In May 2021 the ASBPC met with a delegation from the Primary Agriculture Division that included ADM John Conrad. The Committee discussed as many of the resolutions that they could in the time that was allotted, giving priority attention to those where there was some activity. From that discussion ADM learned the extent of the issues resulting in Resolution 1-21 and the frustration and expenses being born by the ASBs. As a result the ADM has organized a working group to discuss the issues and try to find a solution.
The ASBPC was asked to identify and submit possible candidates for the working group and suggested a mixture of ASB members elected, farmers at large, and a few Agriculture Fieldmen. The first virtual meeting of the working group occurred on September 20th.
ADM John Conrad had some opening remarks and then the meeting was left to his staff to chair. Representatives from the Alberta Energy Regulator, and someone from Lands Policy and Programs with Environment and Parks also attended.
After some discussion it was agreed by the committee that the issue was beyond abandoned wells and also included active well sites with poor or no weed control. Feedback from the group was that there was frustration with how to trigger a response from AER. It was clarified that AER does not get involved with disputes regarding agreements held between a landowner and lease holder, and so unless the well is abandoned or in process to be cleaned up, response from AER should not be expected. A suggestion was made to invite the Farmers Advocate to the next meeting.

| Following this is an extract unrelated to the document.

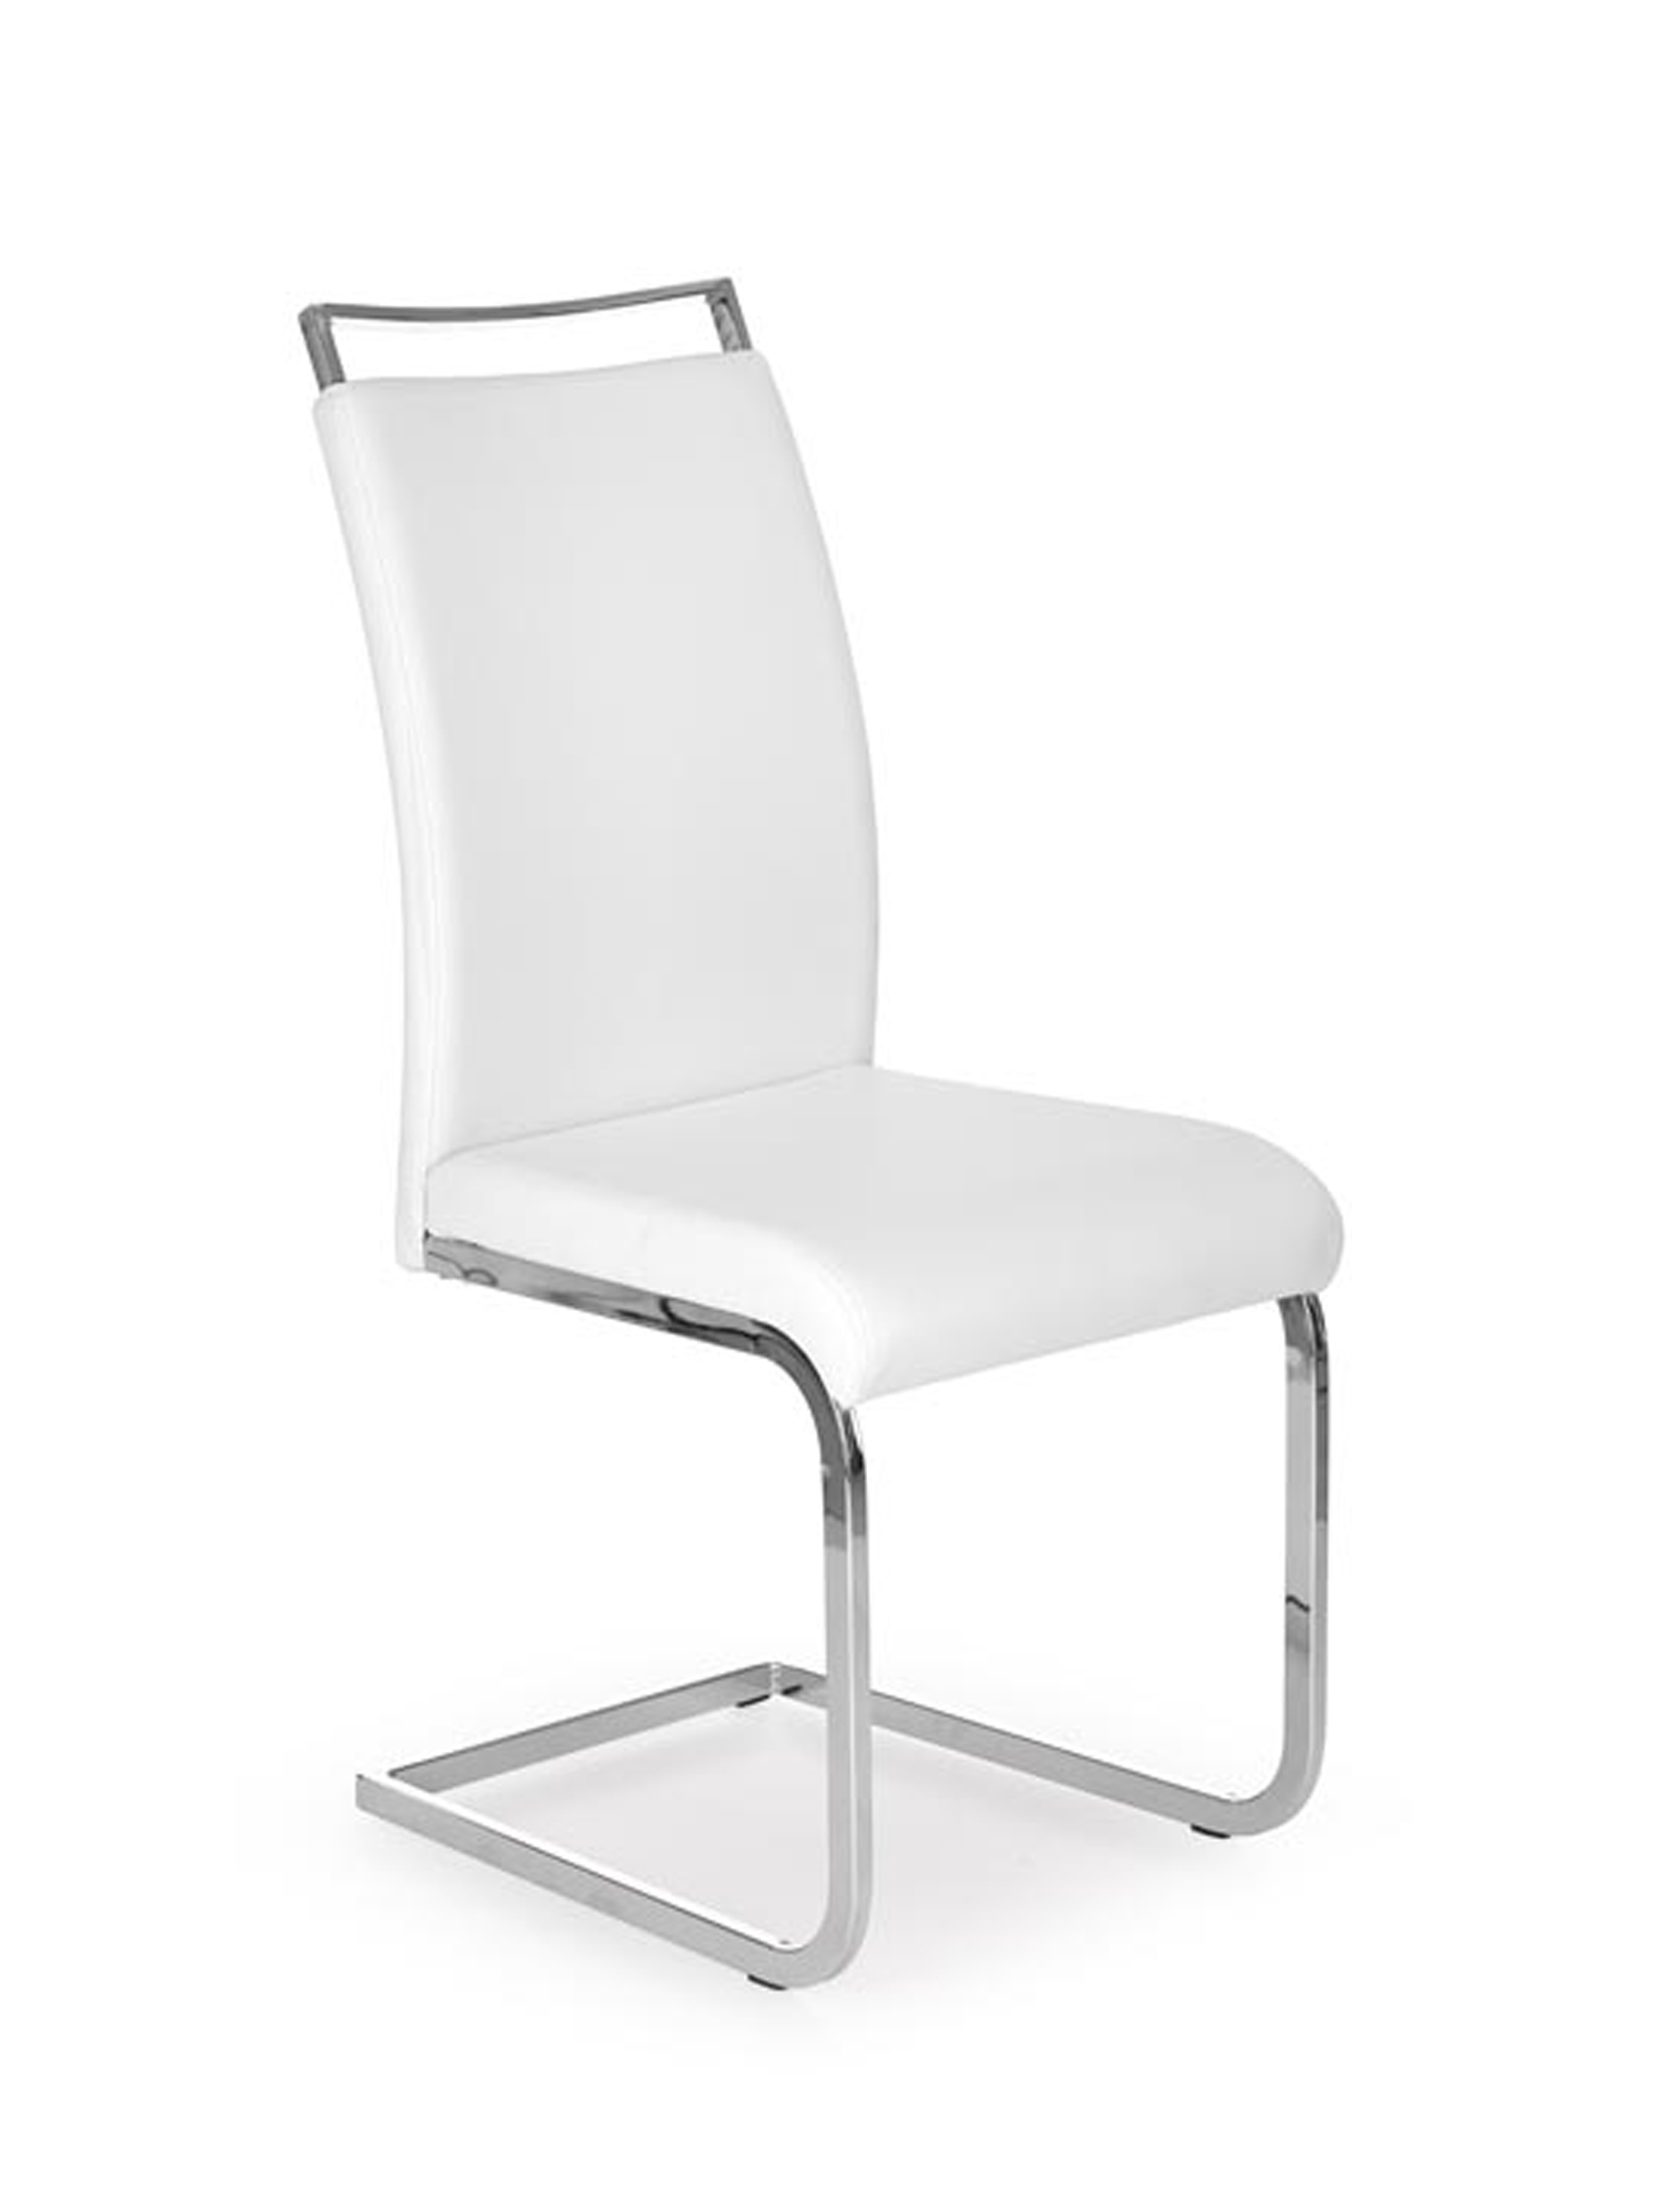 Židle K250 - Bílá Židle k250 - Bílá
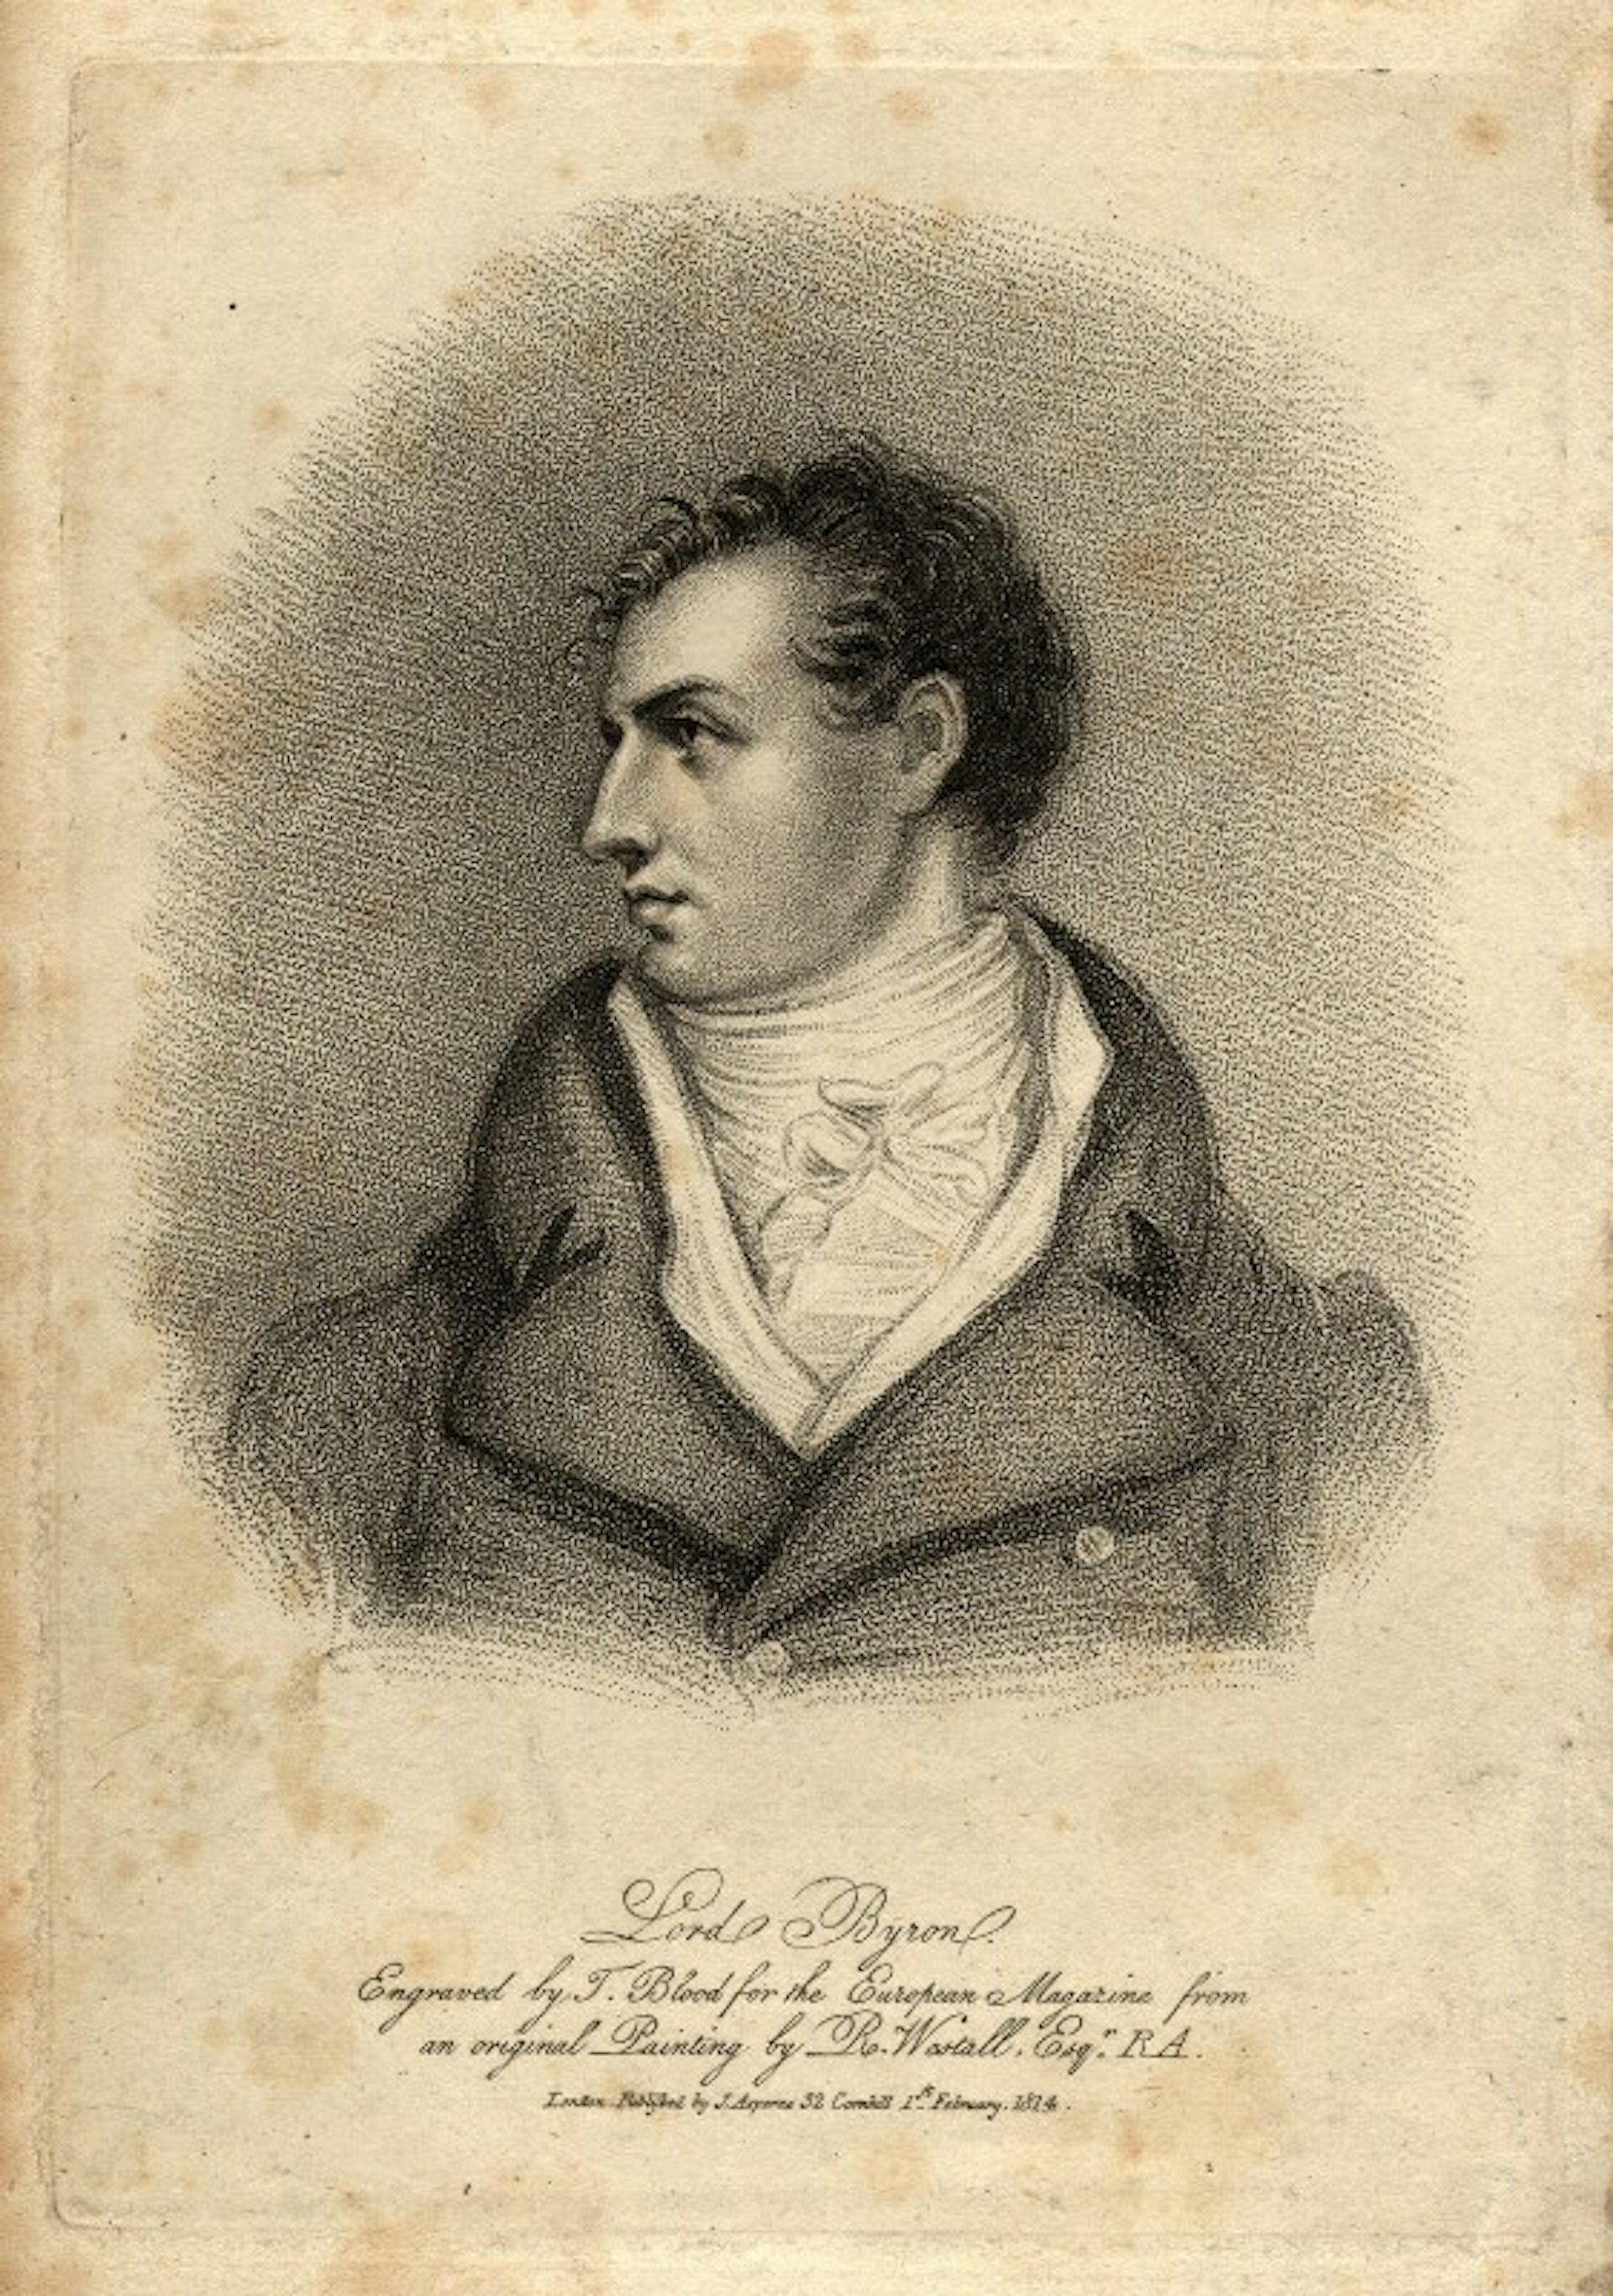 Stipple engraving of man in profile

It was stated that weeds are contaminants and need to be treated as such, since they have long term financial implications for farmers who have to control them on surrounding acres. A stronger more robust system that builds in accountability needs to be found.
Complaints on abandoned well sites can be formally submitted to AER though the “Contact Us” link at the top right of their webpage, or by calling the numbers found at the same place. When making a complaint be sure to include the lease holder name, location, legal land description, closest town and comments. AER investigators will only visit the sites that they are responsible for. They will not intervein on behalf of a landowner with an active lease agreement.
The issues around liability concerns with accessing a site particularly if the site is sour gas also were discussed. Is it safe for farmers who are not trained for sour gas to access sites to control weeds? The current situation where the landowner is ultimately responsible for the weeds, even when the lease holder agreement is active but neglected, is concerning.
Another meeting is planned in October after the election that will include the farmers advocate office, and AER will lead a discussion on how to improve their complaint handling system.